Unfortunately, we can also see things like cuckoo-47ed17bdea1dab10fdee7f61dff8b8f33ad5d092b3e1e5f0f5a3522a27798183.exe or 1a7446534577bab0984f5eb275bdf1f43ed92dfc.exe which is simply the checksum hash of the sample. An attacker can simply compute the popular checksums (the ones on the details section in VT) and see if its name is any of those and terminate .

Machine names

One thing I wanted to see is the username the malware in the sandbox will run on. For the most part I was underwhelmed. It appears the machine name remains the same across executions, which may be easy for an attacker to just submit bogus “malware” just to harvest all the machine names. In terms of the context I did see that sometimes the sample was executed as Administrator meaning that some sandboxes give the “malware” admin privilleges. This is done to make sure that malware can execute.

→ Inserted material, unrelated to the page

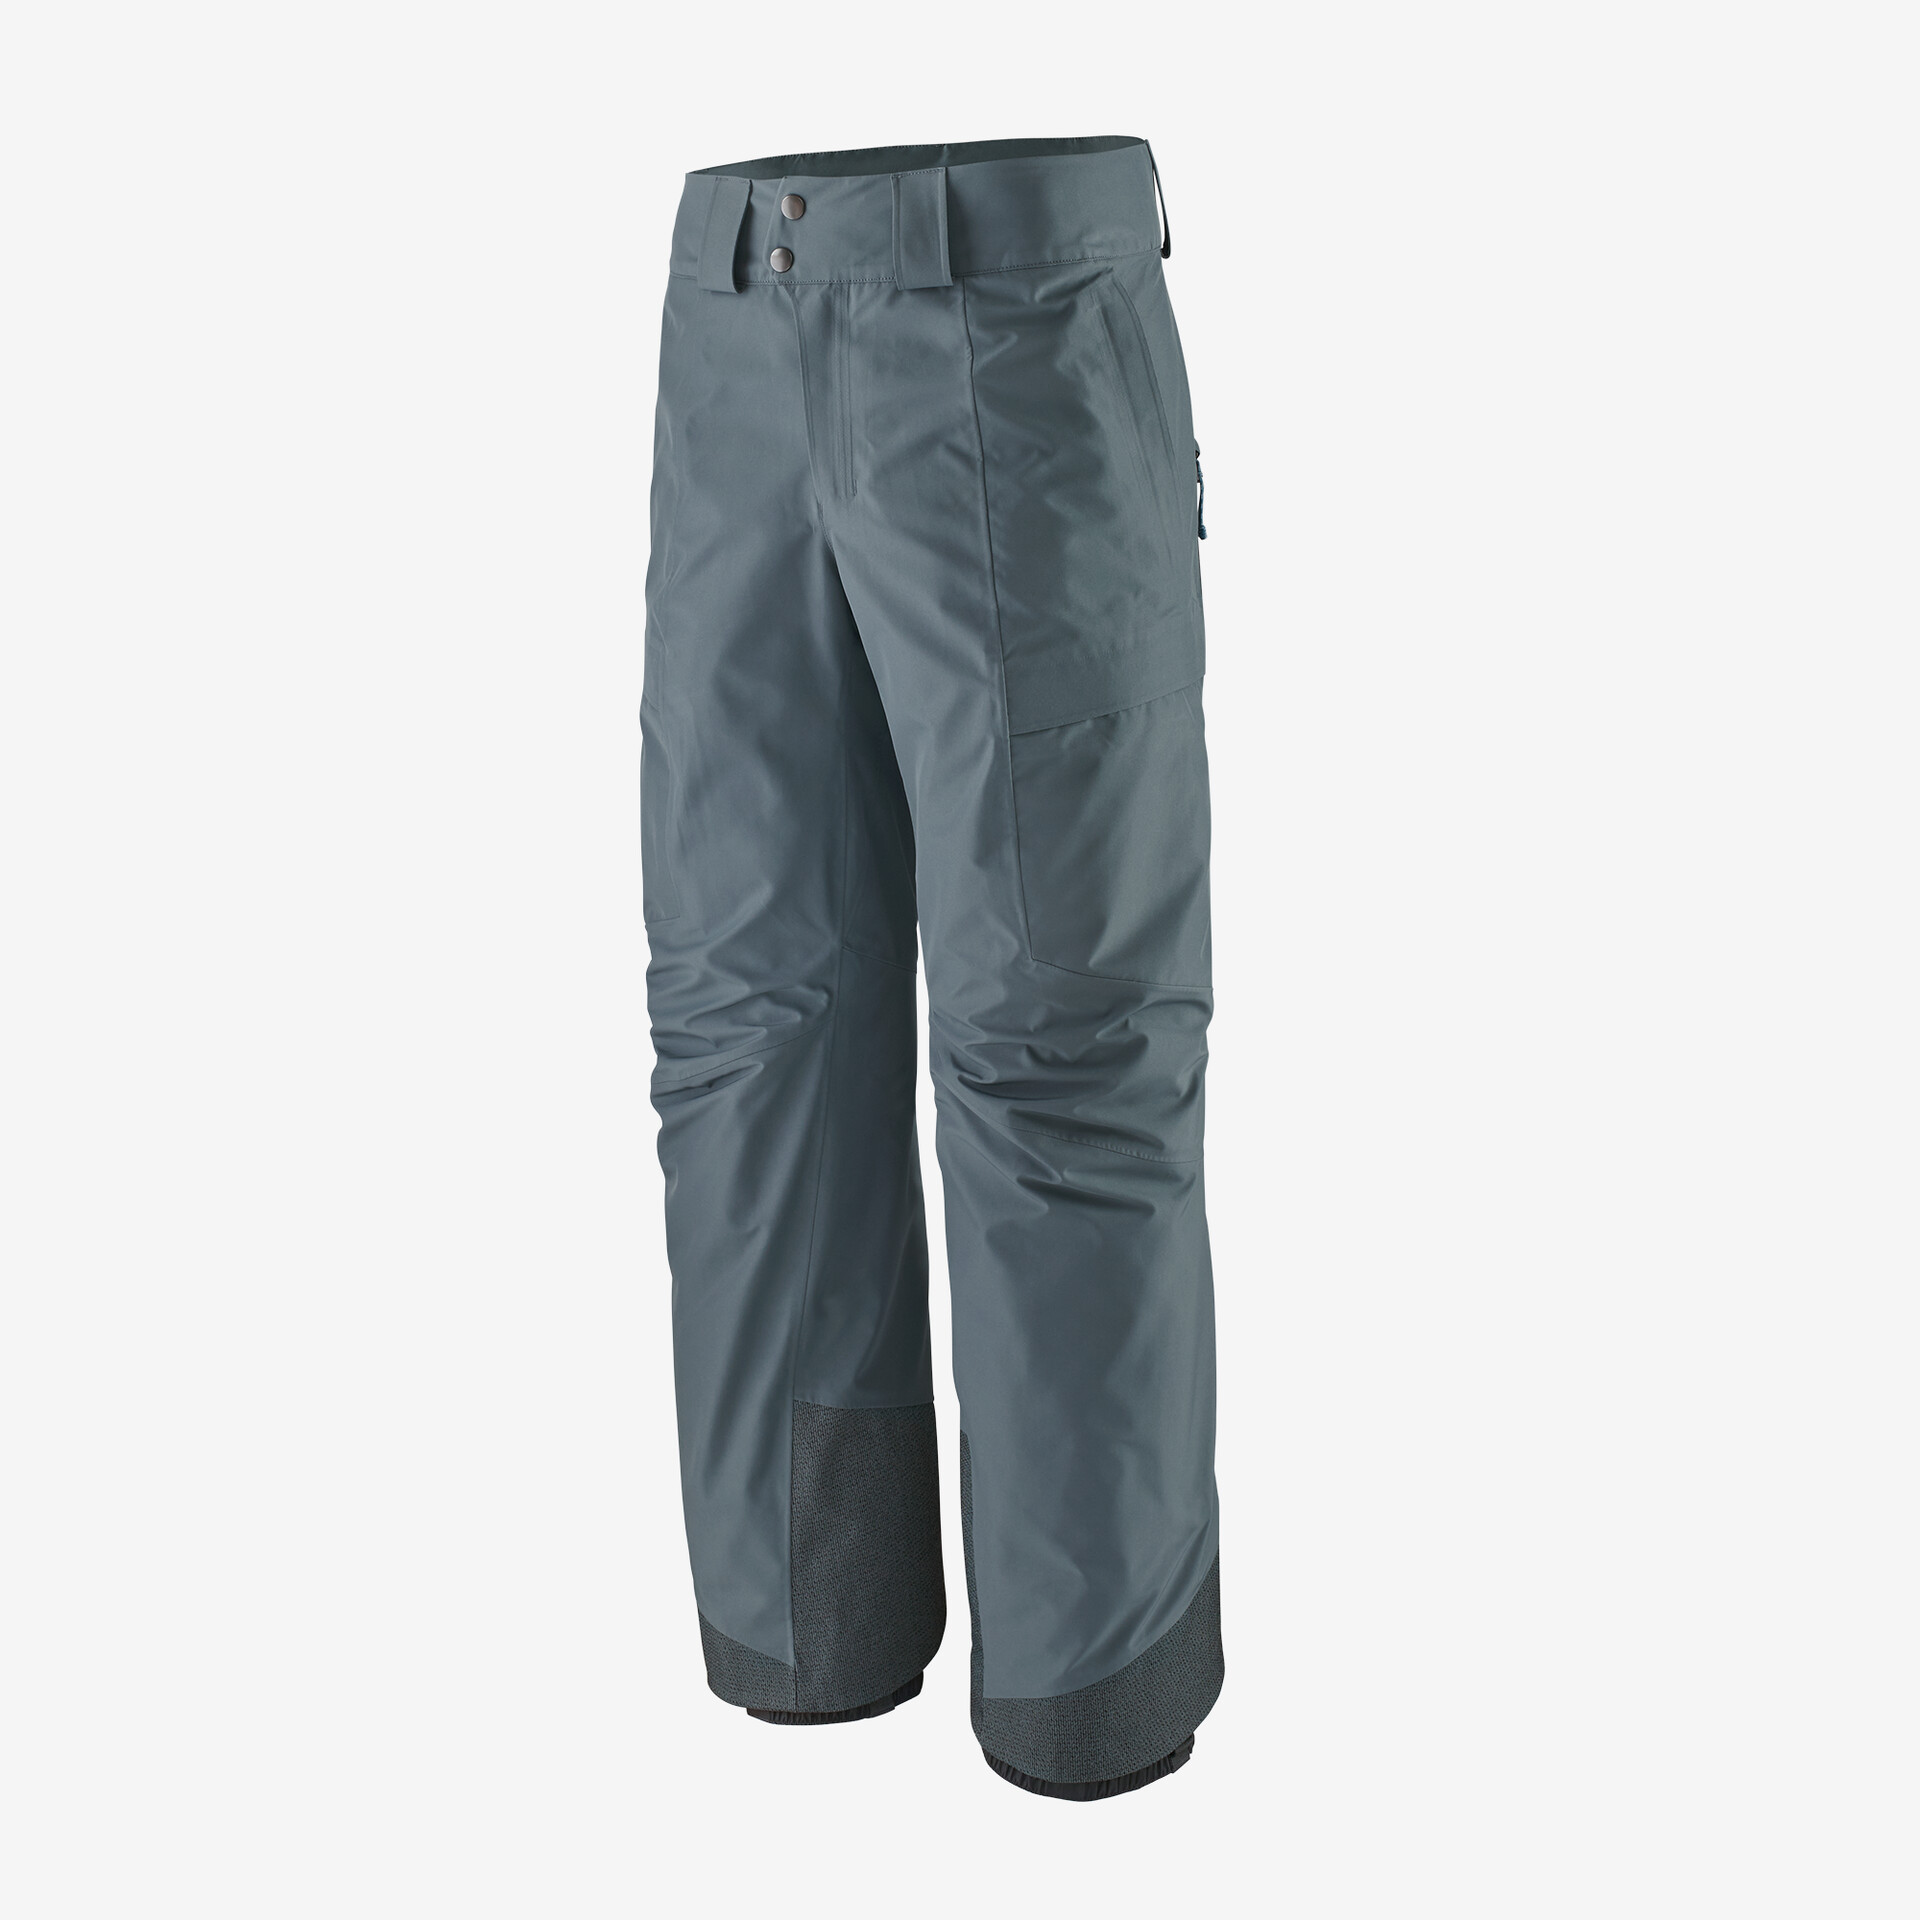 Мужские брюки Storm Shift Patagonia, серый мужские брюки storm shift patagonia мус коричневый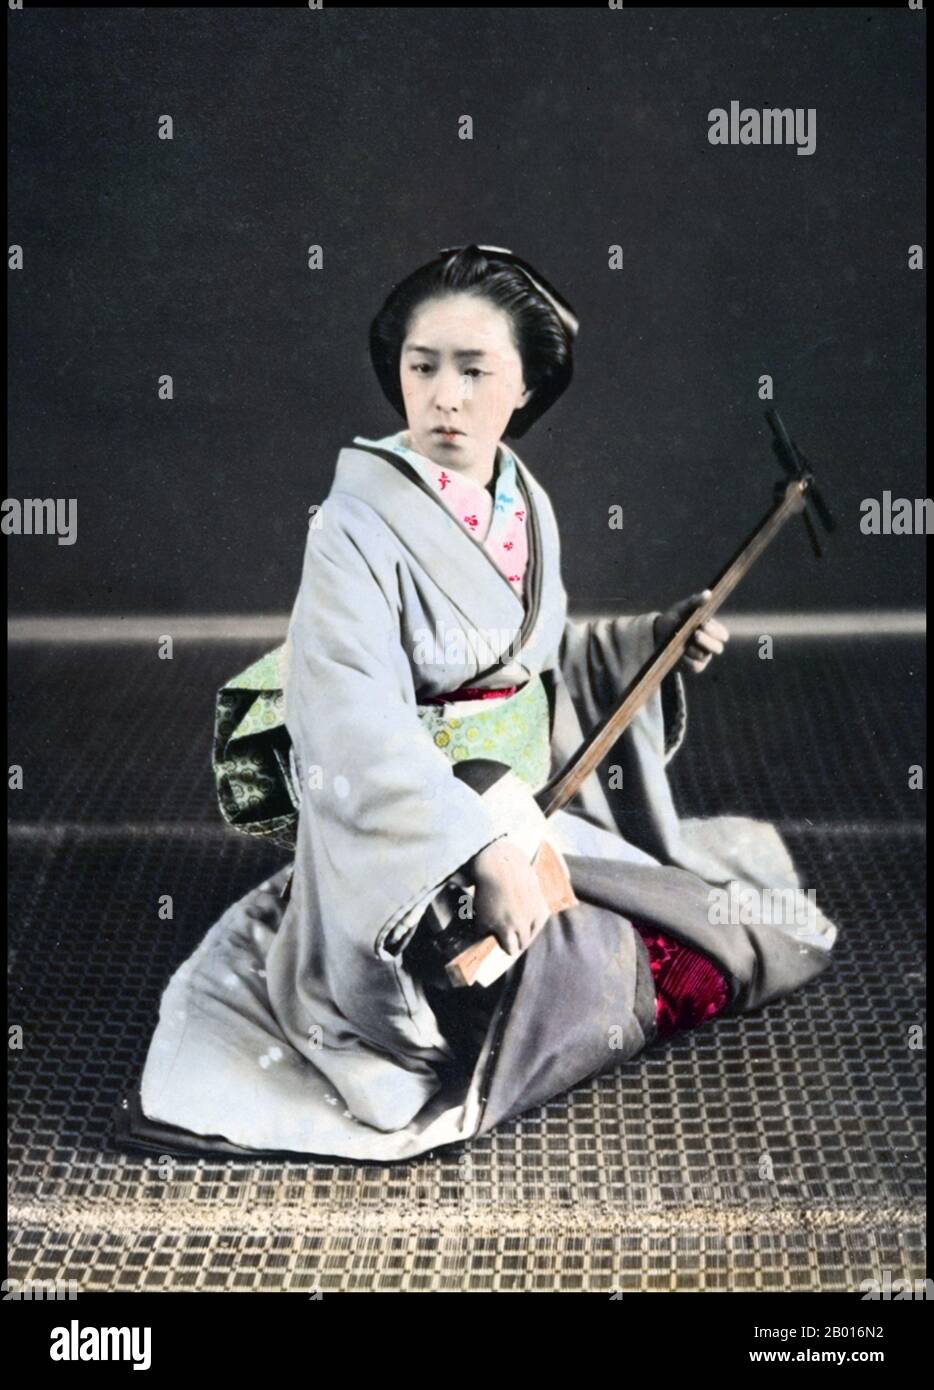 Giappone: Una geisha che suona uno sciamisen, Tokyo, c.. 1870. Geisha, Geiko o o Geigi sono animatrici giapponesi tradizionali, le cui abilità includono lo spettacolo di varie arti giapponesi come musica classica e danza. Lo shamisen o samisen (letteralmente "tre corde di sapore"), chiamato anche sangen (letteralmente "tre corde") è uno strumento musicale a tre corde suonato con un plectrum chiamato bach. Foto Stock

Username	Number of executions
art-PC	7
PC-4a095e27cb	5
w7sb64-01	3
w7x64	3
z97Otih0P4v-PC	2
AMAZING-AVOCADO	2
mgvwazbfy	1
WIN-IMCGBF4ZV49	1
HAPUBWS-PC	1
DESKTOP-VXO5LFI	1
QGl87k-PC	1
IOFXBF742797820	1
WIN-QVM8C8V0B1E	1
XDuwTfOno	1
dillon	1
WIN-BROIECEJLD2	1
CZAC38122213349	1
Xj8Uz1ljKXdt-PC	1
DESKTOP-ILTLN65	1
OngJeNyHDSzmoUHw	1
Anna-PC	1
DcXhlNjDfk-PC	1
WIN-FYI1QSCHQHU	1
WIN-LQOUJKDIROR	1
XGUW12547433669	1
AL MUKALLA	1
WIN-KRAZH63AMC2	1
PC	1
GCSPJUXFT667743	1
DESKTOP-D019GDM	1
WIN-UJ21PNWQMR2	1
Lisa-PC	1
vX3juZIWR5Wy-PC	1
WIN-TGCR76AWNUB	1
WIN-U1DY5TBDUI7	1

Hardware analysis

CPU and memory analysis

Next we are interested to know what CPU are the sandboxes running on? I realized the platform.processor() was not returning the actual CPU name, but it was too late when I realized so I used the available information from this command and scrapped some tables online to get the processor name (here is the pkl file that aggregates all data). In the latest version I added this awesome library called cpuinfo, so in case you need to collect your own data the cpuinfo will do the work.

number of cores	potential cores
1	{ 8 , 4 }
1	{ 8 , 4 }
1	{ 8 , 4 }
4	{ 16 }
2	{ 8 , 4 }
1	{ 8 , 4 }
1	{ 8 , 4 }
1	{ 8 , 4 }
1	{ 8 , 4 }

As hypothesized, the machine has the wrong number of cores for the CPU name (VICTORY ). In the 9 machines, I found that the most used CPUs are Intel(R) Core(TM) i5-7500 CPU @ 3.40GHz, Intel(R) Core(TM) i7-4790K CPU @ 4.00GHz and Intel(R) Xeon(R) W-2140B CPU @ 3.20GHz. The machines seem to have 1 core for the most times but the name is that of a cpu with 4 or 8 cores.

I also checked the CPU utilization rates. Hypothetically, the sandboxes would have low CPU utilization, since they are only meant to run the malware.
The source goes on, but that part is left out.